In our opinion and to the best of our information and according to the explanations given to us, the financial statements give the information required by the Act in the manner so required and give a true and fair view in conformity with the accounting principles generally accepted in India :

a) In the case of Balance Sheet, of the state of affairs of the company as at March 31,2015;

b) In the case of Statement of Profit and Loss, of the profit of the company for the year ended on that date; and

c) In the case of Cash Flow Statement, of the cash flows of the company for the year ended on that date.

Report on other legal and regulatory requirements

1. As required by the Companies (Audit Report) Order, 2015 issued by the Central Government of India in terms of sub-section 11 of section 143 of the Companies Act, 2013, we enclose in the Annexure a statement on the matters specified in paragraphs 4 and 5 of the said Order.

2. As required by section 143(3) of the Act, we report that:

a) We have obtained all the information and explanations which, to the best of our knowledge and belief were necessary for the purposes of our audit;

b) In our opinion, proper books of account as required by law have been kept by the Company so far as appears from our examination of those books;

c) The Balance Sheet, Statement of Profit and Loss Account and the Cash Flow Statement dealt with by this report are in agreement with the books of account;

d) In our opinion, the Balance Sheet and Statement of Profit and Loss Account dealt with by this report comply with the Accounting Standards referred to in section 133 of the Companies Act, 2013; read with Rule 7 of the Companies (Accounts) Rules, 2014.

e) On the basis of written representations received from the Directors, as on 31st March, 2015 and taken on record by the Board of Directors, we report that none of the Directors is disqualified as on 31st March, 2014 from being appointed as a Director in terms of section 164 (2) of the Companies Act, 2013.

f) In our opinion, and according to the information and explanations given to us, there are adequate internal control systems commensurate with the size of the company and the nature of its business.

g) In our opinion, and according to the information and explanations given to us, the company has disclosed the pending litigations of the company which will have impact on the financial statements.

h) In our opinion, and according to the information and explanations given to us, the company is not foreseeing any losses, and therefore the provision of the same does not arise.

i) In our opinion, and according to the information and explanations given to us, the company has not holding amounts such as unclaimed dividends, share application money etc requiring the transfer of the same to the Investor Education and Protection Fund.

ANNEXURE TO THE INDEPENDENT AUDITORS' REPORT

The Annexure referred to in the Auditor's Report to the Members of M/s. INNOVATION TECHNOLOGIES LIMITED for the year ended 31st March, 2015.

1) a) The Company has maintained proper records showing full particulars including quantitative details and situation of fixed assets.

b) The fixed assets have been physically verified by the management during the period and no serious discrepancies have been noticed on such verification.

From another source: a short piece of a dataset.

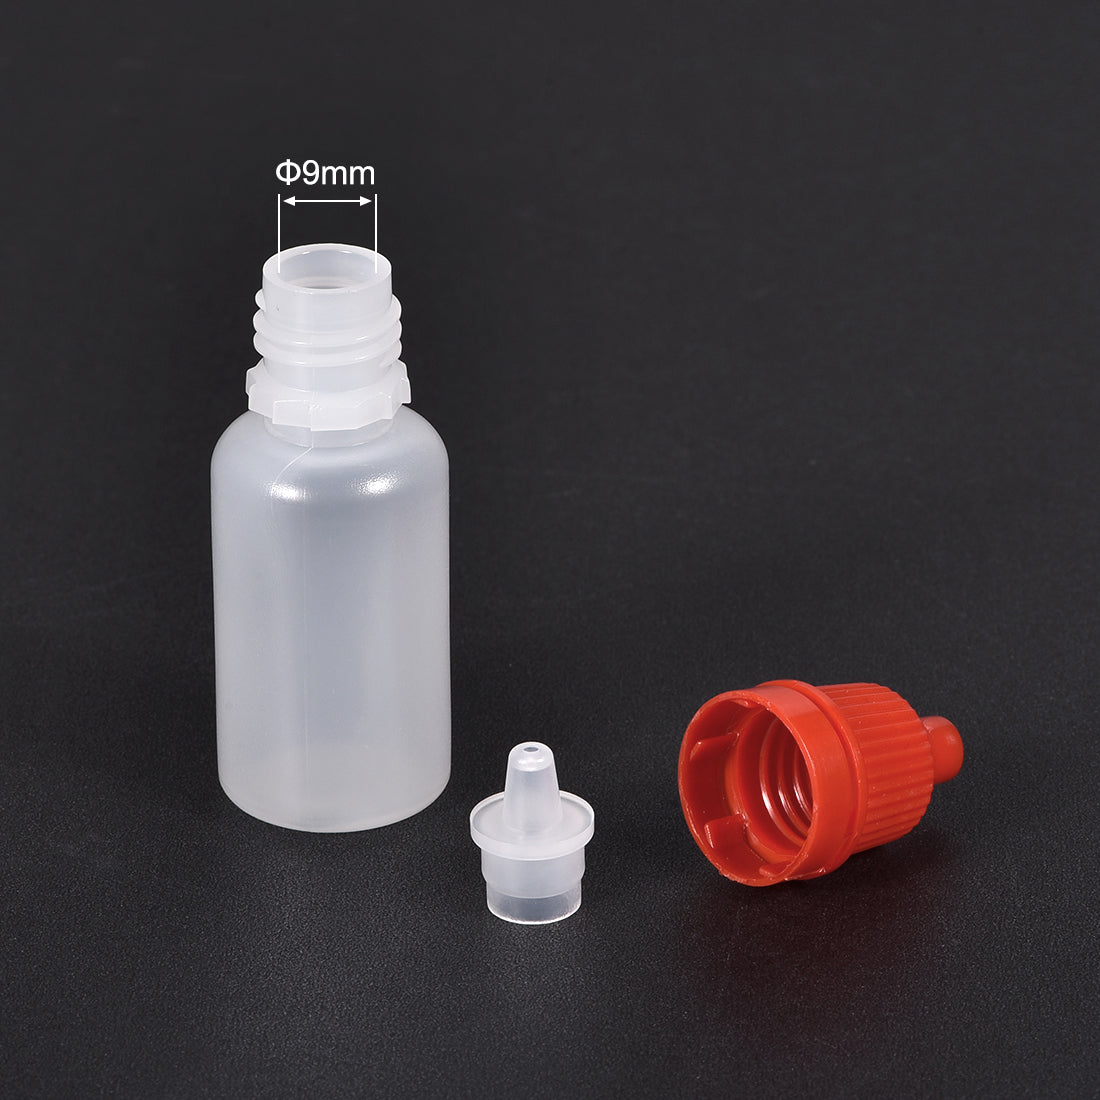 uxcell Uxcell 10ml/0.34 oz Empty Squeezable Dropper Bottle Red 10pcs

2) a) The stock of inventory have been physically verified during the year by the management. In our opinion, the frequency of verification is reasonable.

b) In our opinion, the procedures of physical verification of inventory followed by the management reasonable and adequate considering the size of the company and the nature of its business.

c) No material discrepancies have been noticed on physical verification of stocks as compared to book records in so far as appears from our examination of the books.

3) In our opinion and according to the information and explanations given to us, the company has not granted any loans, secured or unsecured to companies, firms or other parties covered in the register maintained under section 189 of the Companies Act, and therefore, the receipt of the principal amount and interest thereon and overdue thereon does not arise.

4) In our opinion, and according to the information and explanations given to us, there are adequate internal control systems commensurate with the size of the company and the nature of its business with regard to purchase of inventory and fixed assets and for the sale of goods and services. Further during the course of our audit, we have not come across any instances of major weaknesses in internal control that in our opinion, requiring correction.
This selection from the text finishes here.